What’s happened in AI: December 17th-23rd

By | December 24, 2018

Anthony Levandowski is back in the news again. This time it’s for his new autonomous trucking startup Pronto.ai, where he completed a 3,099 mile cross-country trip in one of his trucks. If verified it would be the longest known journey for an autonomous truck. Levandowski just keeps finding ways to stay relevant.

Other weekly news can be found below.

Company developments:

Apple’s AI boss has been bumped up to the company’s executive team – Dec. 20, 2018 (TechCrunch)

  • Apple has just confirmed that John Giannandrea, the ex-Googler machine learning veteran who joined the company back in April, has joined the likes of Tim Cook, Jony Ive, Eddy Cue and Angela Ahrendts on the executive team
  • His role on the executive team will be “Senior Vice President of Machine Learning and Artificial Intelligence Strategy,” signaling just how key AI and machine learning will be to Apple moving forward. Giannandrea has been leading Apple’s Siri and Core ML team for months, bringing the two previously distinct teams together under one leader

Alibaba uses AI to speed up detection of pregnant pigs seven times, boosting efficiency of China’s hog farms – Dec. 19, 2018 (South China Morning Post)

  • Using facial-recognition cameras, Alibaba Group Holding’s cloud unit said it has developed an algorithm that can accurately diagnose pregnancy in pigs by observing changes in their behaviour, physical appearance and eating patterns after mating
  • The solution, which can also detect a failed pregnancy as early as the third day after mating compared to 21 days the conventional way, is designed to increase the number of newborns on pig farms, according to Alibaba Cloud. The solution is expected to be put to use in some of Alibaba Cloud’s partner farms in southwest China’s Sichuan province early next year

AI security startup Lighthouse shuts down, offers refunds to customers – Dec. 19, 2018 (VentureBeat)
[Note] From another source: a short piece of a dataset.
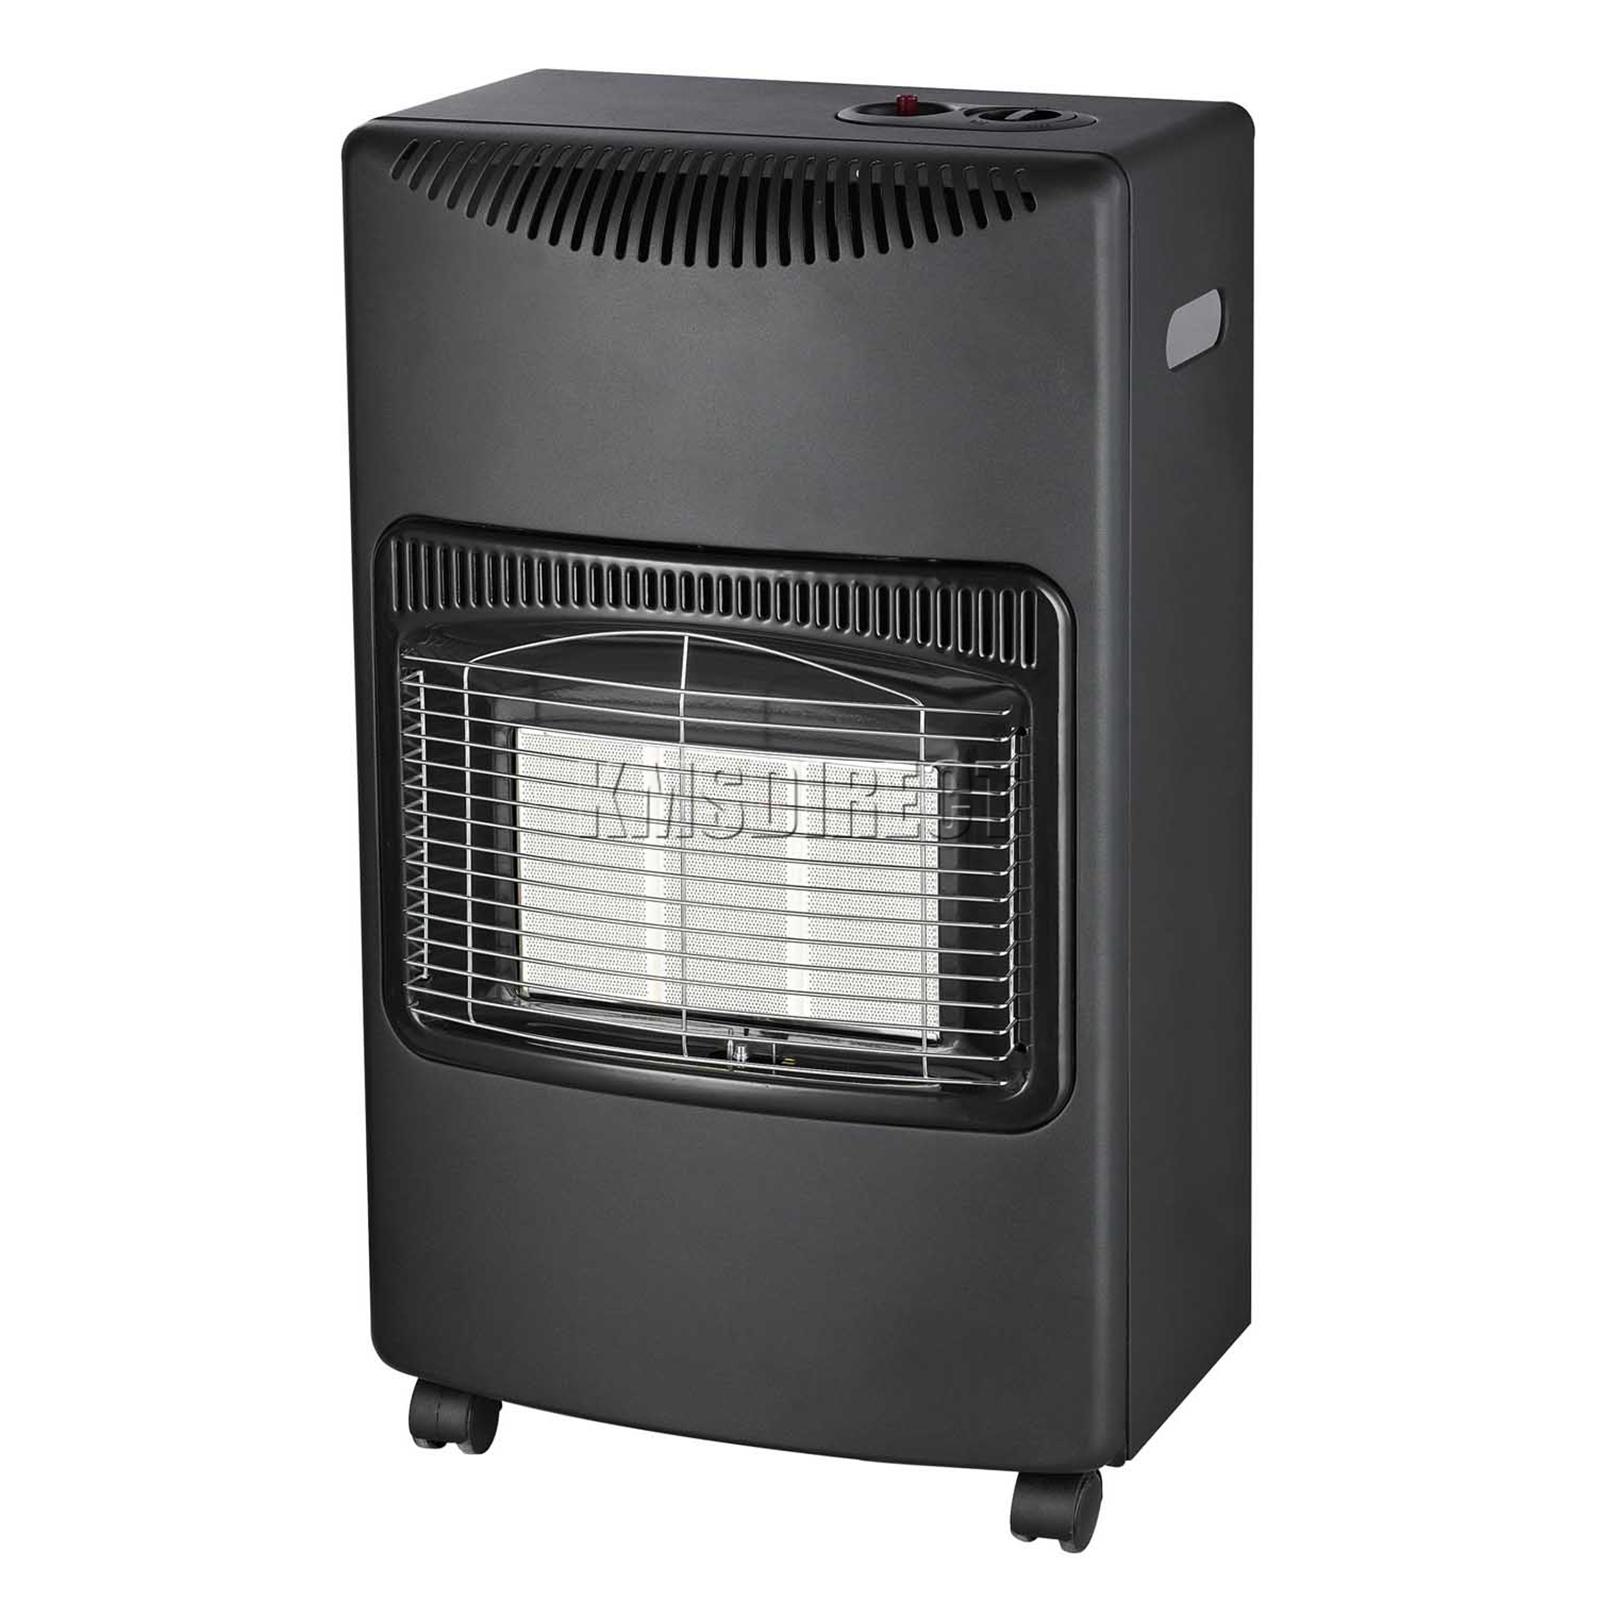 42Kw Portable Home Butane Fire Calor Gas Cabinet Heater With Regulator Hose New

  • Lighthouse, a San Francisco home security startup backed by Andy Rubin’s Playground Ventures, today announced that it’s ceasing operations and extending refunds to customers who return their purchases. In a message on the company’s website, CEO Alex Teichman cited a lack of “commercial success” as a contributing factor
  • Lighthouse emerged from stealth in May 2017 with $17 million in funding from Playground, in addition to Eclipse Ventures, SignalFire, Start, and individual investor Sebastian Thrun, director of the Artificial Intelligence Laboratory at Stanford University. The three-year-old company, which employed around 30 people and had offices at Playground Ventures’ incubator space in Palo Alto, developed a security camera that leveraged computer vision not only to detect and monitor activity within a home, but to alert users to disturbances — like a break-in, for example, or unruly pets and kids — via text or voice message

Box releases Skills, which lets developers apply AI and machine learning to Box content – Dec. 18, 2018 (TechCrunch)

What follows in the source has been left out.